* _Given information_
______

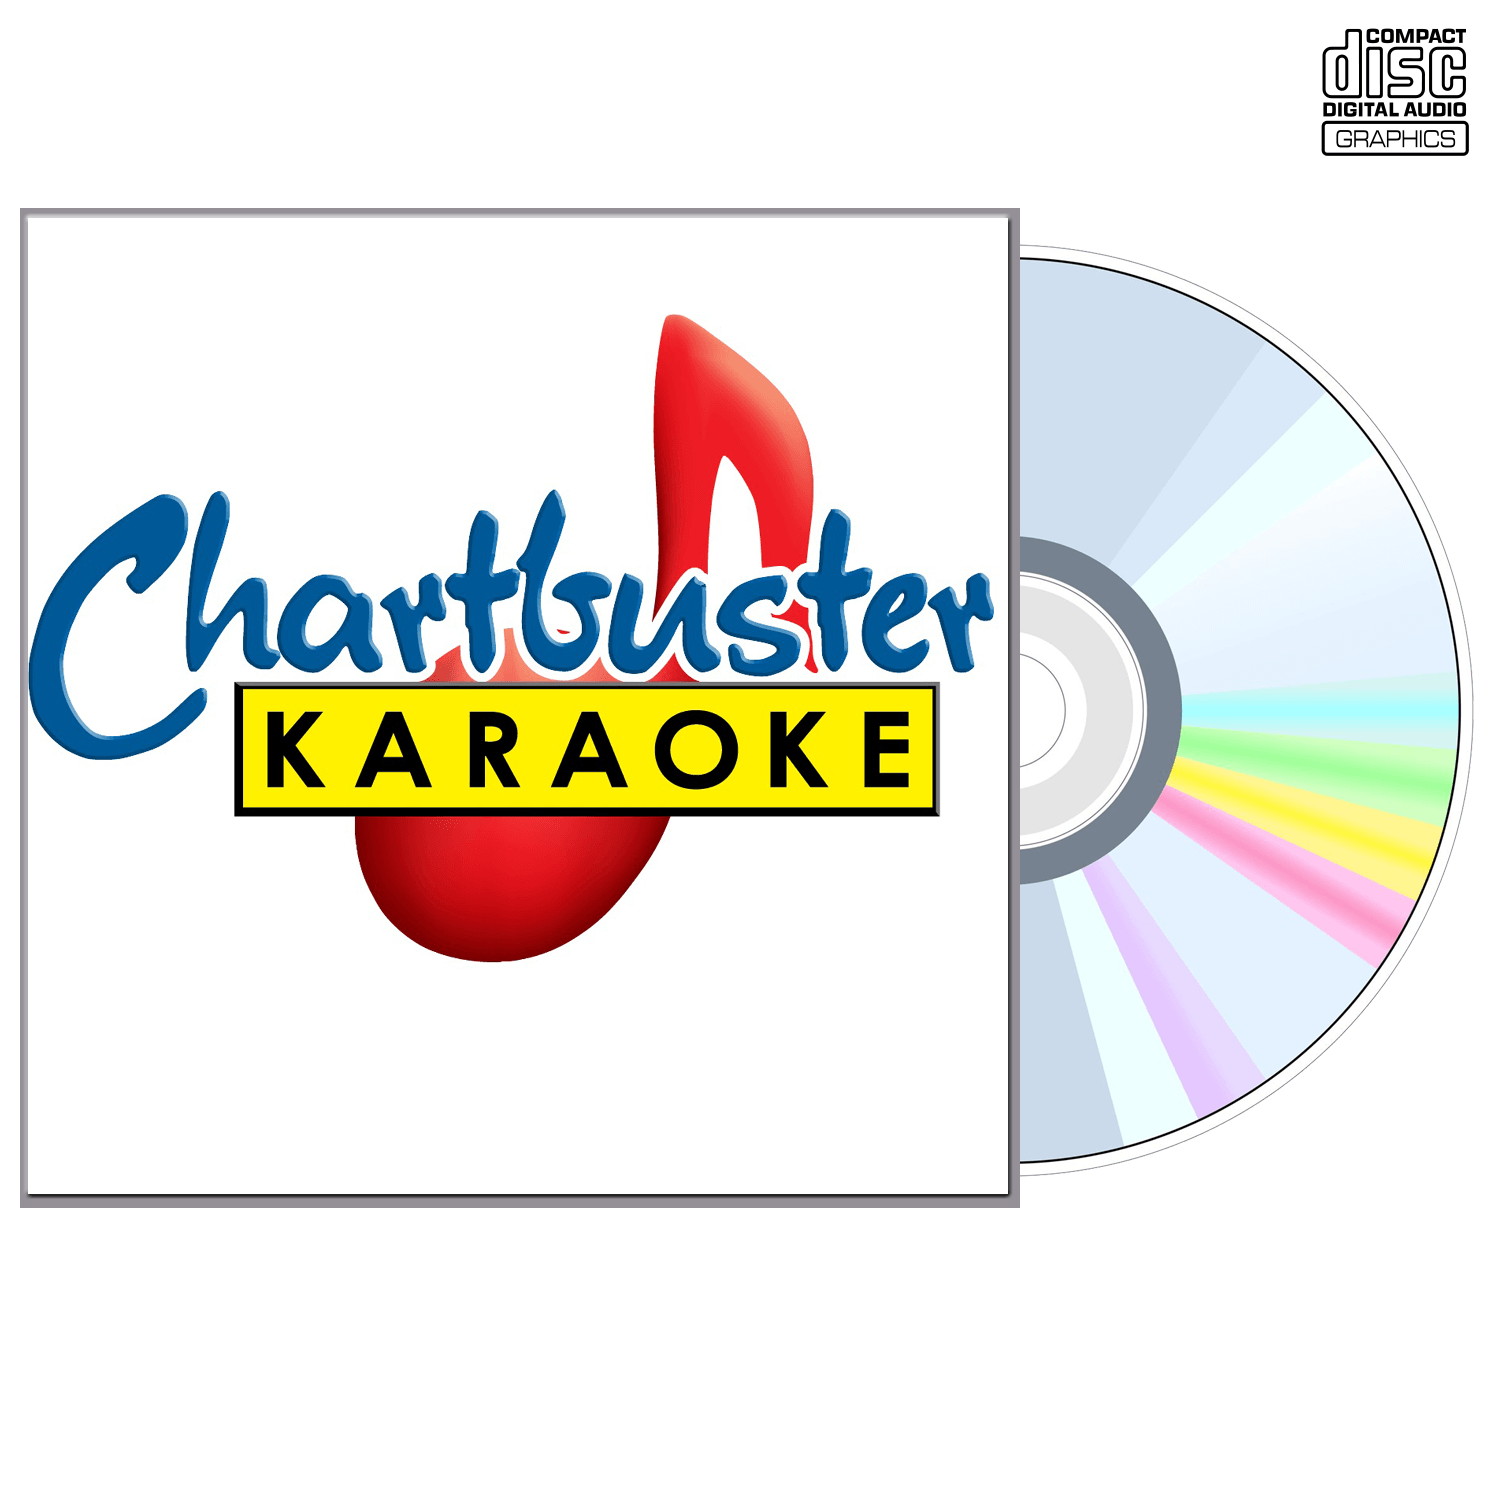 Blaine Larsen - CD+G - Chartbuster Karaoke - Karaoke Home Entertainment
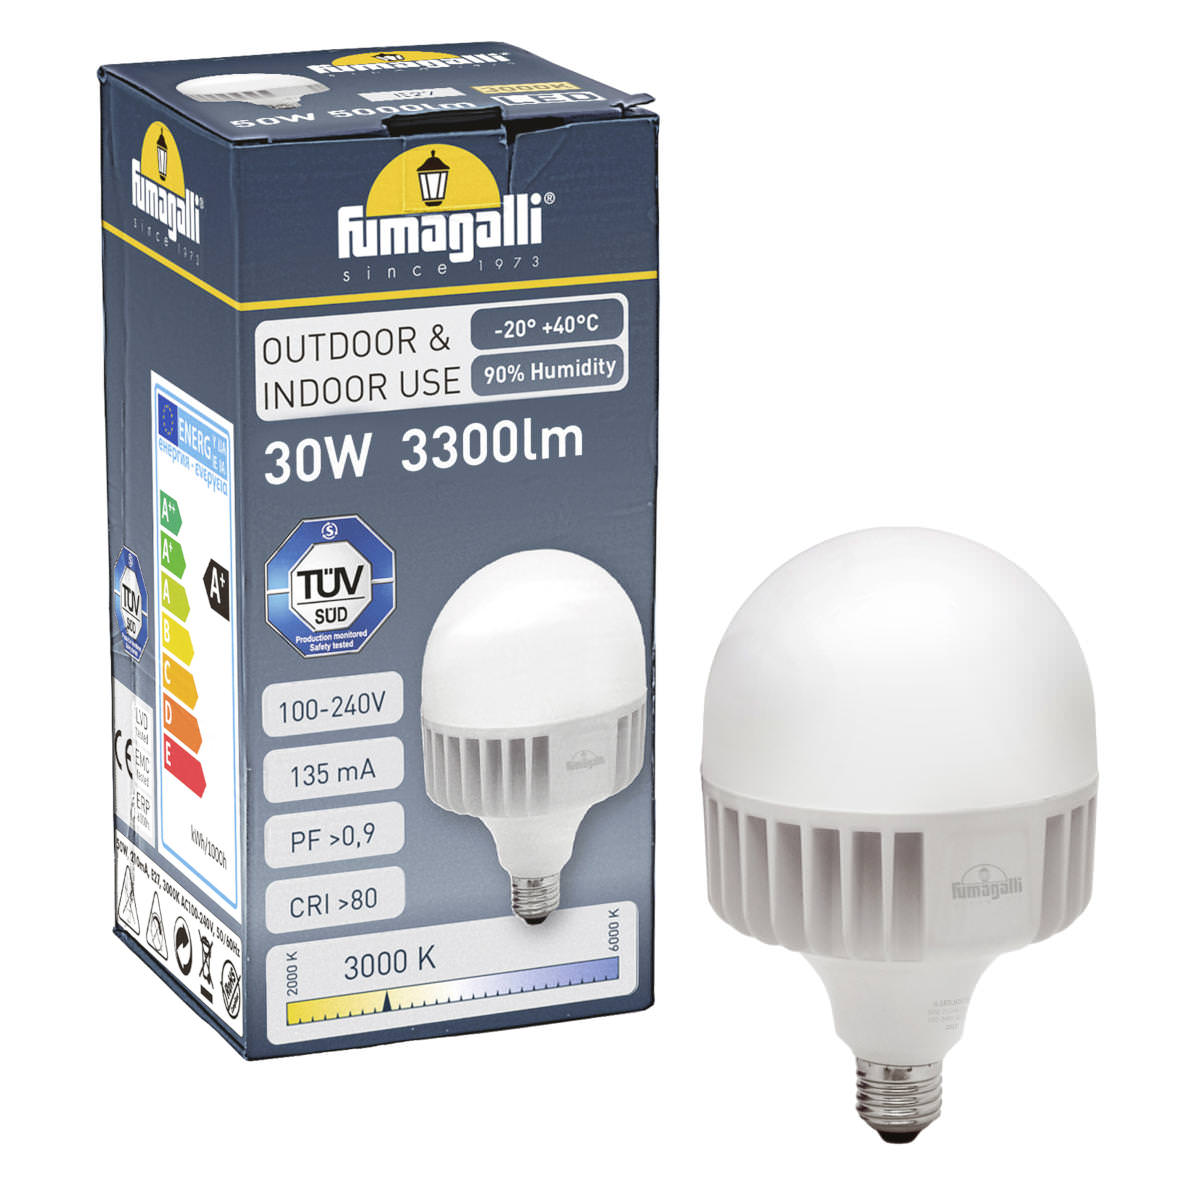 Fumagalli 30W E27 LED High Power Lamp 4000K 3300lm - Beacon Lights
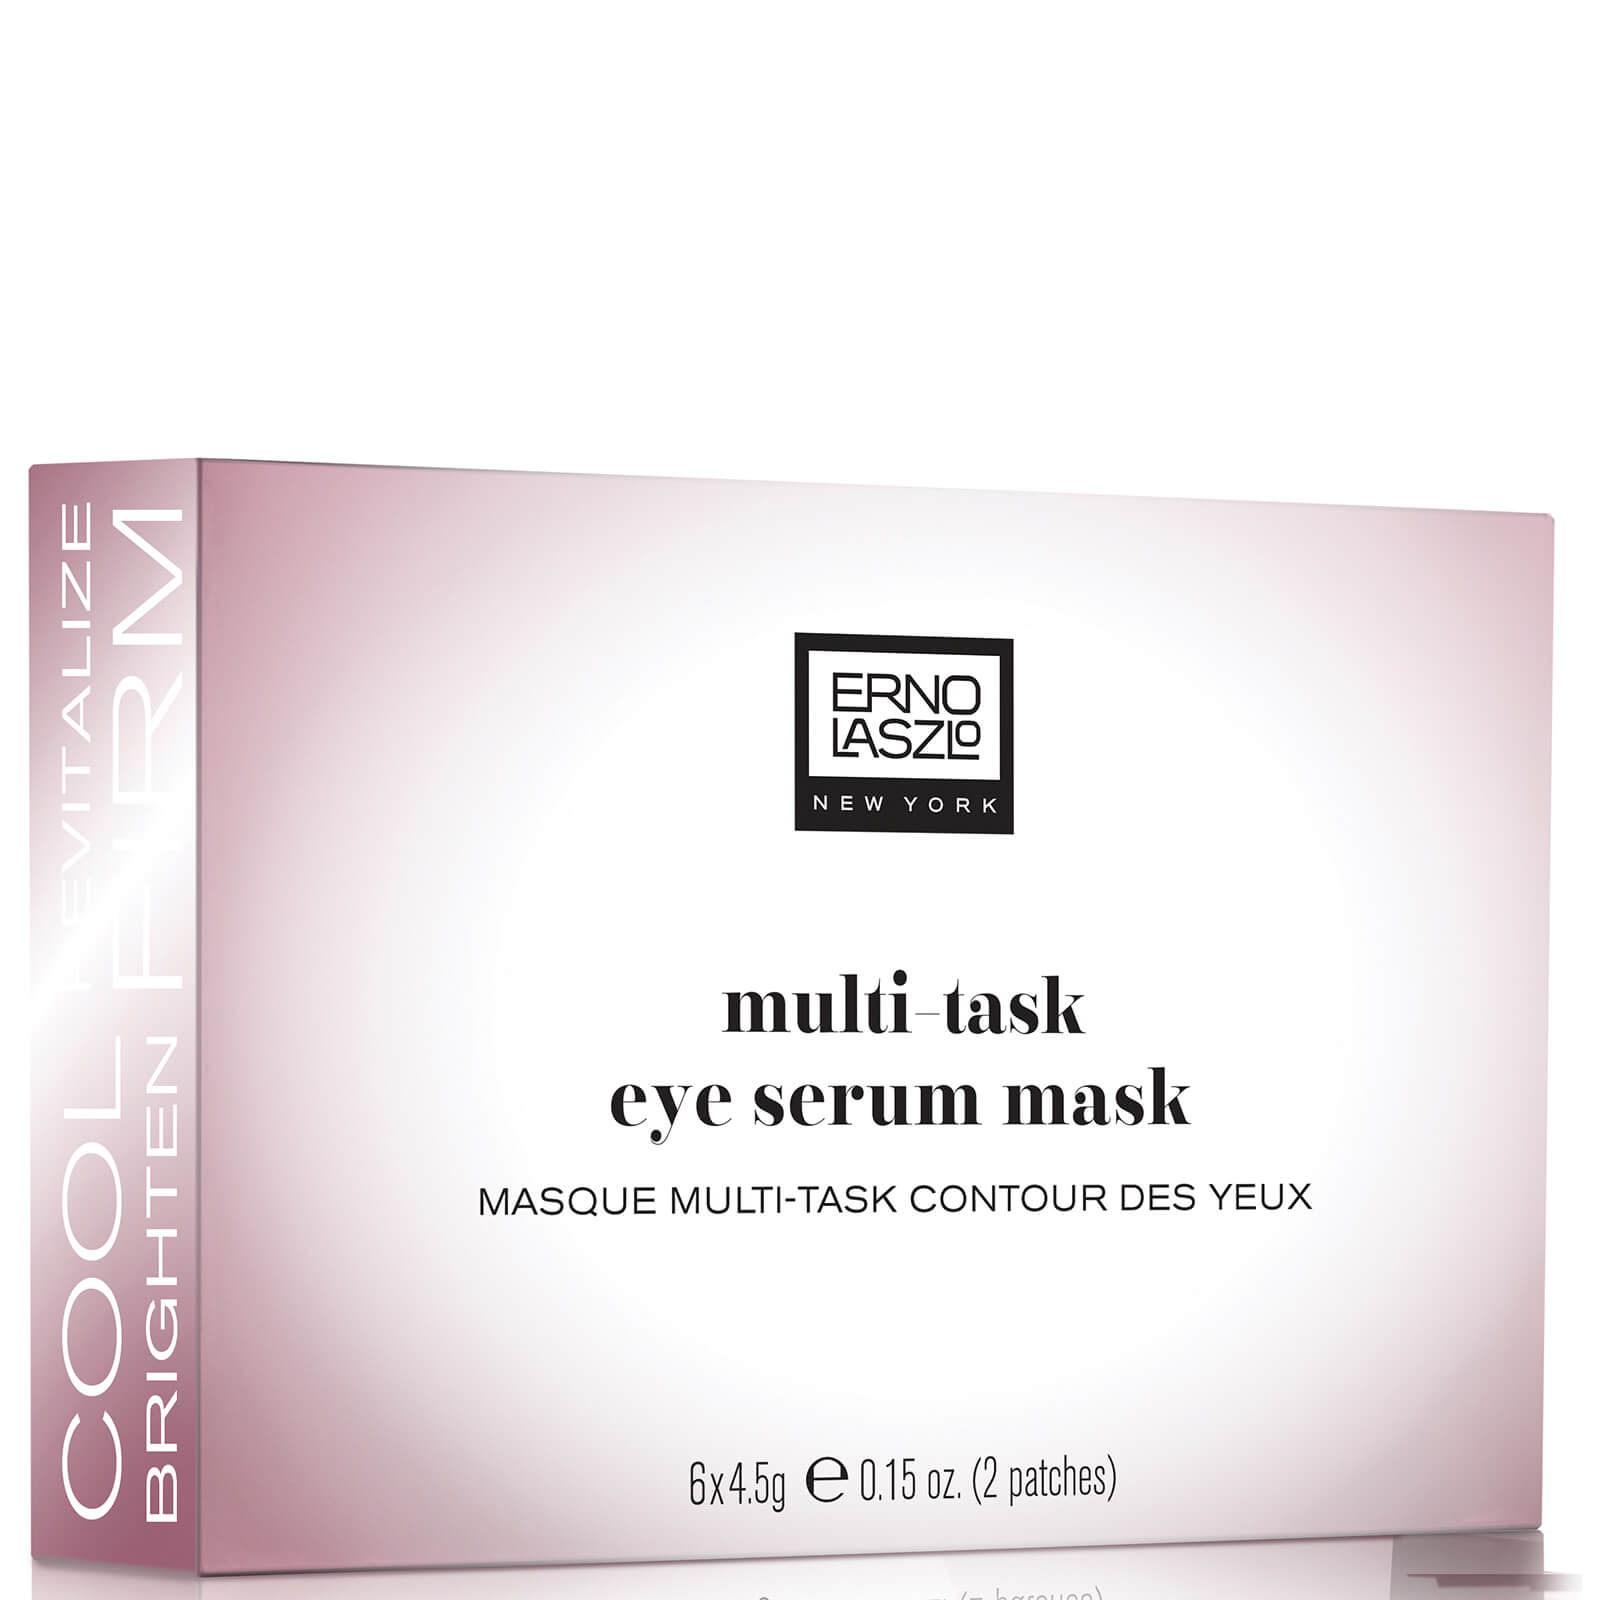 Erno Laszlo Multi-Task Eye Serum Mask (6 Pack) lookfantastic.com imagine

______

* _Task item_
Everything in the listing must be copied exactly except the pictures.

* _The completed task_
 Blaine Larsen - CD+G - Chartbuster Karaoke - Karaoke Home Entertainment
 Fumagalli 30W E27 LED High Power Lamp 4000K 3300lm - Beacon Lights
 Erno Laszlo Multi-Task Eye Serum Mask (6 Pack) lookfantastic.com imagine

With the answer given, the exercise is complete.